The Academy's ~11,000 voters were famously exposed in 2012 by the LA Times: 94% white, 77% male, median age 62. The #OscarsSoWhite movement after two consecutive years of all-white acting nominees (2015–2016) forced reforms that doubled women and minority membership by 2020. The Golden Globes imploded entirely when a 2021 LA Times investigation revealed the 87-person Hollywood Foreign Press Association had zero Black members and had accepted lavish studio perks including a trip to Paris for an Emily in Paris set visit at a five-star hotel. The HFPA was dissolved in 2023.

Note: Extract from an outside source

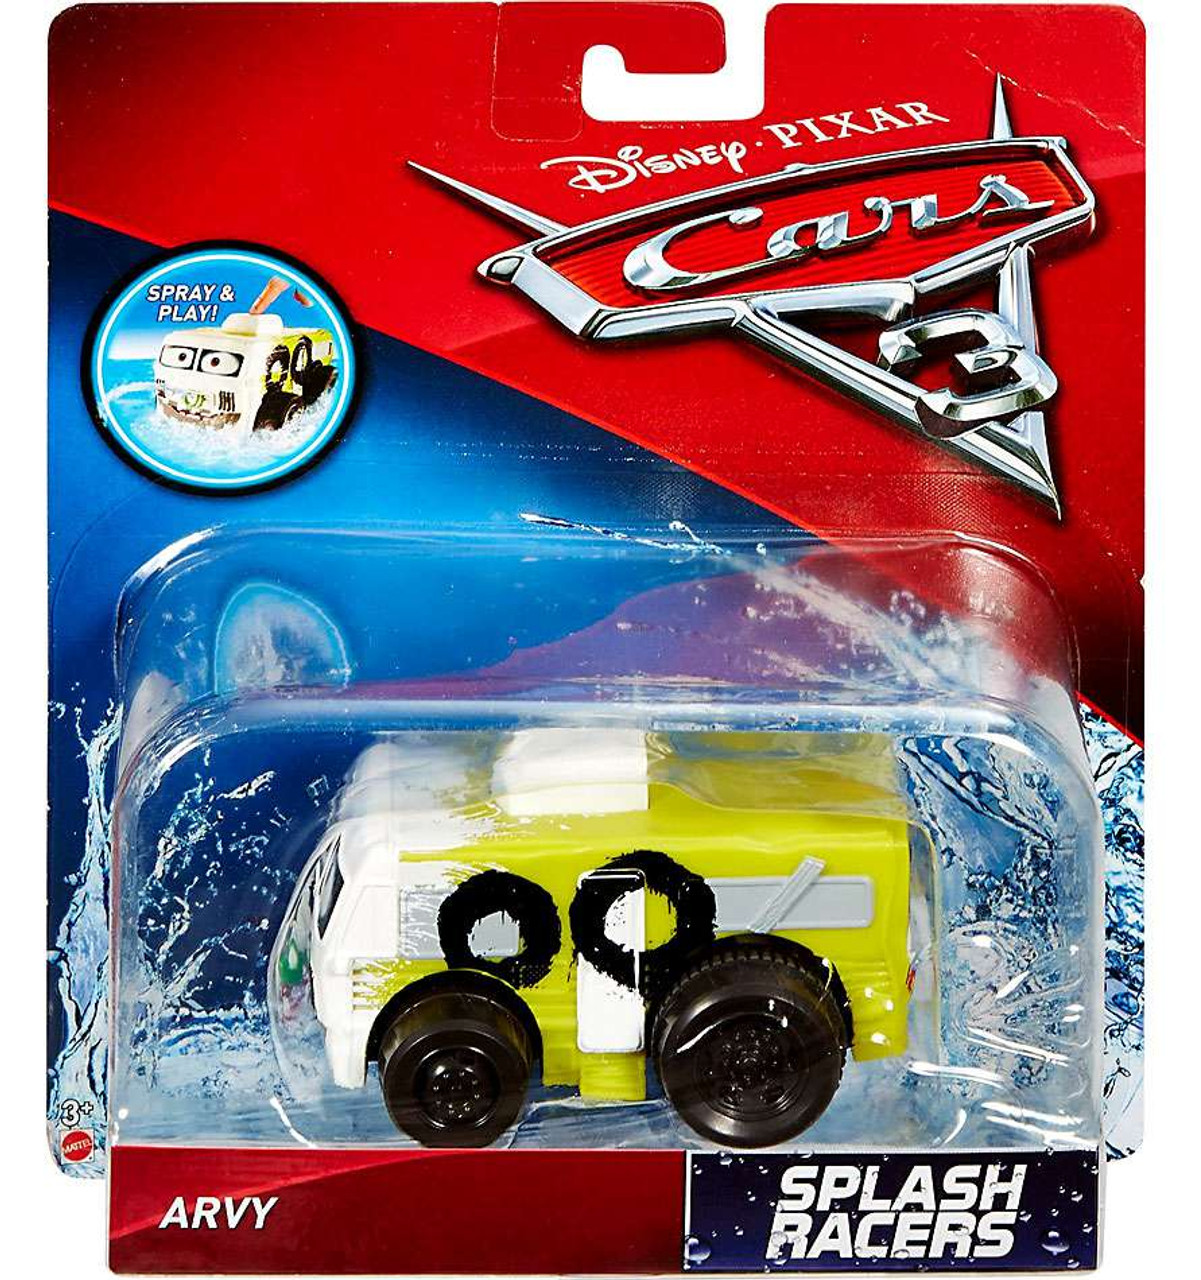 Disney Pixar Cars Cars 3 Splash Racers Oversized Arvy Bath Splashers

Only 2% of SAG-AFTRA actors make a full-time living from acting alone. Just 12% earn more than $1,000 in a given year from the craft. Only 14% hit the $26,470 threshold needed to qualify for the union's health insurance. At any given moment, approximately 90% of union actors are unemployed. The dream is real. The math is not.
The 2023 strikes accelerated a workforce contraction that was already underway. National actor employment fell 17% and writer employment fell 14% since May 2023. Los Angeles entertainment employment is down over 21% since 2019. Only about 25% of the jobs lost after 2022 have returned. Meanwhile, the traditional entertainment sector in L.A. shed 9.1% of jobs since 2013 — while modern entertainment sectors (streaming platforms, gaming, social media production) grew 53%. The industry is restructuring, and the people at the bottom of the old structure are not being invited into the new one.
Hollywood is not dying. It is consolidating its wealth at the top and externalizing its risk onto workers, freelancers, and the public — the same playbook every extractive industry runs when it matures.